3 Pourquoi les radiographies sont-elles des preuves importantes ?

Les radiographies fournissent une preuve médicale objective des blessures qui ne peut être facilement contestée. Elles documentent le type, l'emplacement et la gravité des traumatismes, créant un enregistrement permanent qui peut être utilisé pour le traitement médical, la responsabilité légale et la documentation historique.



4 Qui analyse ces radiographies ?

Elles sont analysées par des experts médico-légaux, des radiologues et des organisations de défense des droits de l'homme. Ces professionnels comparent les images avec les types d'armes connus pour déterminer la cause et l'intention derrière les blessures.

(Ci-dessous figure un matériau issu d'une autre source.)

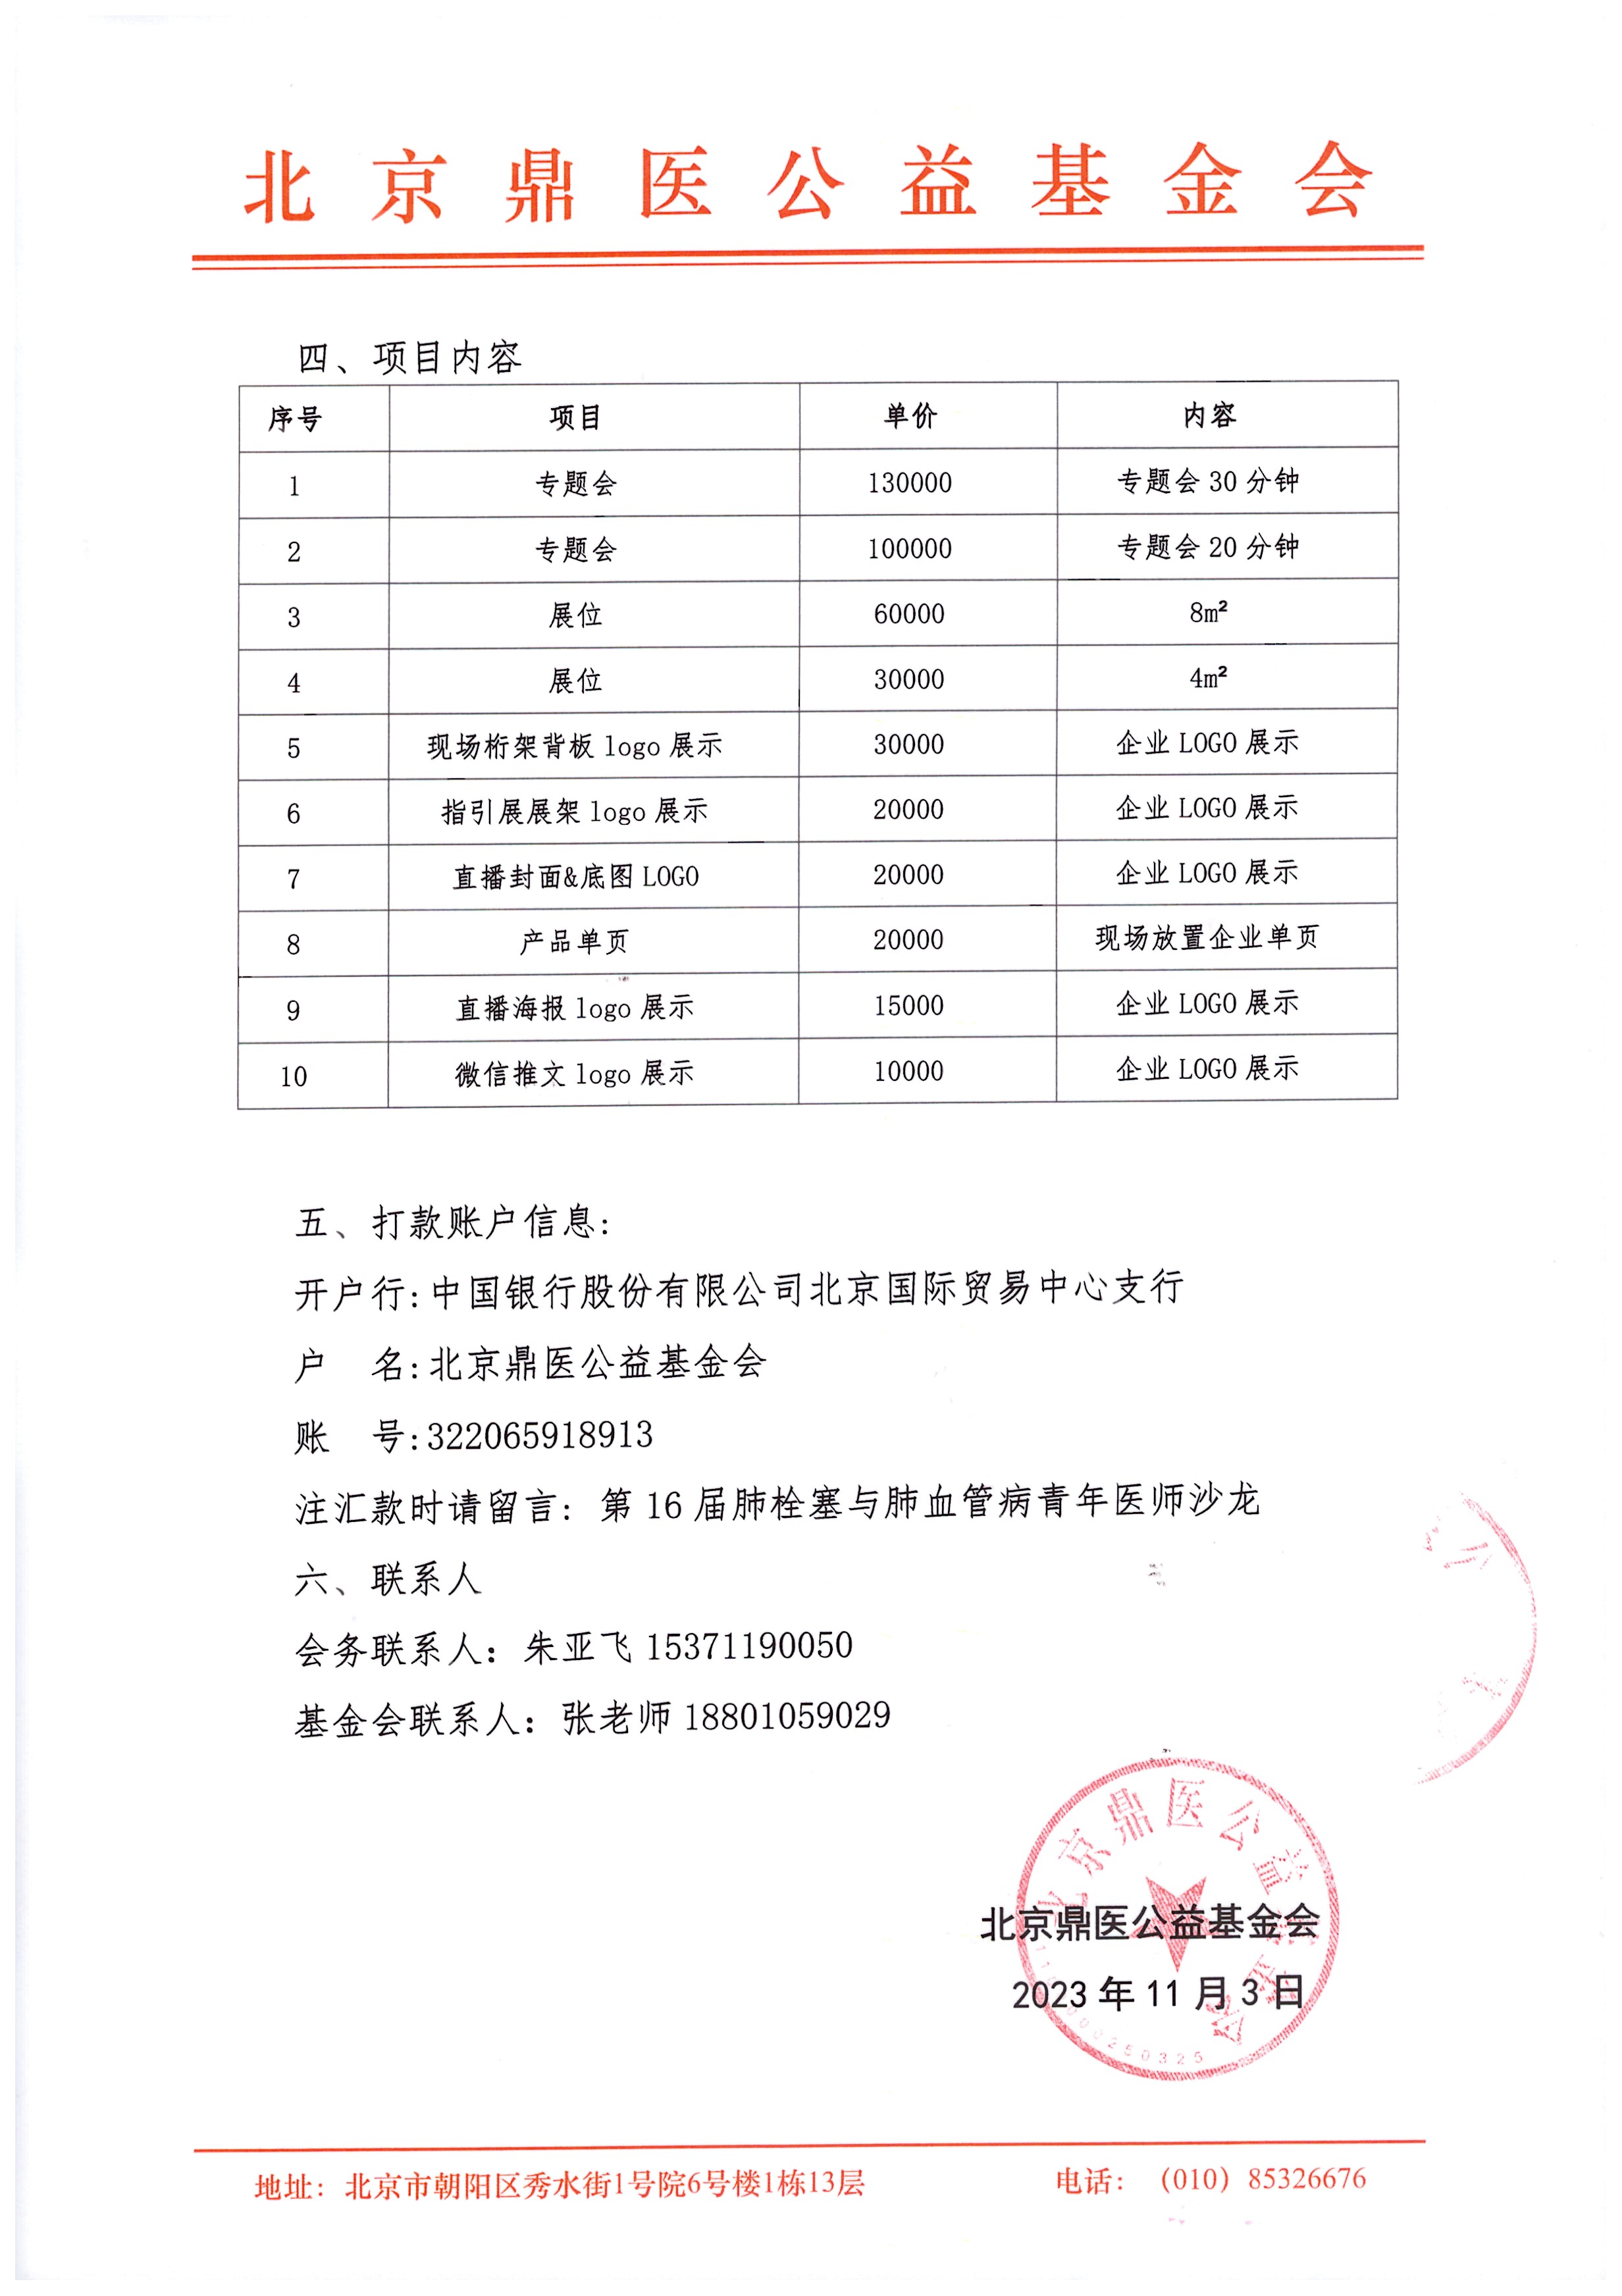 第16届肺栓塞与肺血管病青年医师沙龙-招商函_页面_2.jpg

5 Quel type d'armes cause ces blessures spécifiques ?

Les blessures sont compatibles avec des armes dites « moins létales » de contrôle des foules, telles que des plombs métalliques tirés par des fusils à air comprimé, des balles métalliques recouvertes de caoutchouc et des grenades lacrymogènes tirées directement sur les personnes. À courte portée, celles-ci peuvent être mortelles ou causer des dommages catastrophiques.



Questions avancées / pratiques



6 Comment une radiographie peut-elle prouver l'intention de nuire ?

Bien qu'une radiographie seule ne prouve pas l'intention, le schéma et la concentration des blessures sur de nombreuses victimes, si. Lorsque des centaines de radiographies montrent des blessures similaires et précises aux yeux et à la tête – des zones non ciblées accidentellement lors de la dispersion des foules – cela indique fortement une pratique systématique, et non des dommages accidentels.